Quando un operaio muore sul lavoro gli inquirenti fanno sapere che stanno verificando se c’è stato un guasto tecnico o se la vittima ha commesso qualche errore. La seconda ipotesi sembra ovvia, ma sottintende l’immoralità di un sistema che ogni giorno soppesa se la sicurezza di chi lavora sia un lusso sostenibile. Ci viene posto questo osceno interrogativo: Emanuele Zanin, 46 anni, e Jagdeep Singh, 42 anni, morti ieri a Pieve Emanuele, alle porte di Milano, mentre trafficavano con l'azoto liquido per i laboratori di ricerca dell'ospedale Humanitas, potrebbero essere morti per colpa della propria imperizia o imprudenza?

È una scandalosa follia. Un operaio ha il diritto di essere distratto e magari anche un po' tonto. Non può esistere un lavoro in cui, se non sei bravo e attento, scatta la pena di morte. No, la verità è che i due operai sono stati uccisi dal controllo dei costi. Nessun’altra ipotesi è accettabile, proprio perché sono stati uccisi da una fuga di azoto liquido.
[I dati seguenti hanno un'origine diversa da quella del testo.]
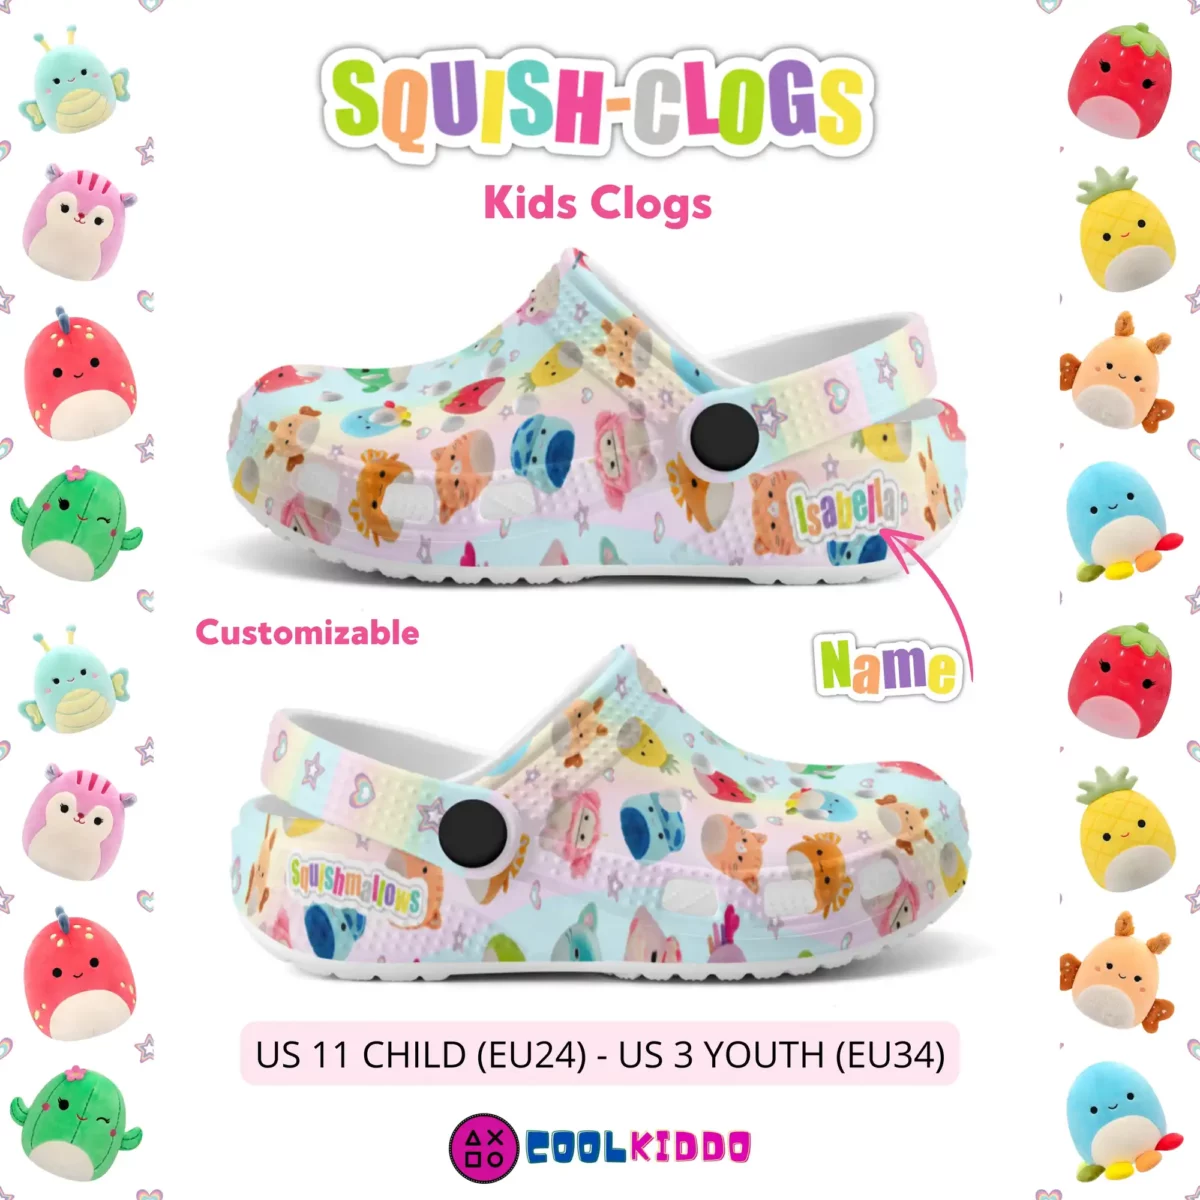 Personalized Squishmallows Clogs Shoes, Girls Clogs Shoes, Funny Crocs Clogs, Crocband Cool Kiddo 10

L'azoto rappresenta il 79 per cento dell’aria che respiriamo ma è anche il peggior veleno esistente in natura. Per una serie di ragioni tecniche che un operaio ha diritto di non sapere ma che i valorosi medici dell'Humanitas conoscono benissimo, è il 21 per cento di ossigeno che ci fa vivere. Se la concentrazione di azoto sale dal 79 all'85 o al 90 per cento, un uomo muore in meno di dieci secondi. L'azoto entra nei polmoni ed estrae istantaneamente tutto l’ossigeno presente nel sangue. È l’asfissia più rapida che si conosca. Zanin e Singh sono stati investiti dall’azoto liquido che, quando si disperde nell’aria, si riscalda e torna allo stato gassoso. Il suo volume si moltiplica fino a 650 volte e forma la nube assassina che ha ucciso all’istante i due operai.

Per questo l’azoto imporrebbe misure di sicurezza maniacali. E se qualcuno dice che costerebbero troppo dovrebbe, coerentemente, mandare i suoi figli a lavorarci. Il decreto legislativo 81 del 2008 prescrive alle imprese ben nove misure di sicurezza per proteggere chi lavora con l’azoto, e quella legge è da sempre contestata dalla Confindustria perché troppo oppressiva e burocratica. Nel 2009 tre operai furono uccisi dall'azoto a Sarroch, in Sardegna, nella raffineria Saras della famiglia Moratti. Il processo, concluso con alcune condanne per omicidio colposo, accertò che nessuna delle nove regole era stata rispettata. Adesso i magistrati ci diranno quante ne rispettava l’Humanitas.

Infine, qui non siamo ai margini opachi del sistema economico. Zanin e Singh lavoravano in appalto per la Sol, grande azienda che fa capo a un esponente di spicco della Confindustria come Aldo Fumagalli, talmente amato dal centrosinistra come imprenditore illuminato che nel 1997 lo candidò a sindaco di Milano contro Gabriele Albertini. La Sol fornisce l'azoto liquido all'Humanitas che fa capo a Gianfelice Rocca, un’altro papavero confindustriale. L’Humanitas è un’azienda privata che fattura centinaia di milioni al Servizio sanitario nazionale e distribuisce dividendi alle holding proprietarie esterovestite. La verità ce l'abbiamo davanti agli occhi: ogni giorno chi lavora con l’azoto rischia la vita per mille euro al mese se va bene, ma per gli eroi del capitalismo italiano è un rischio calcolato. Sulla pelle degli operai.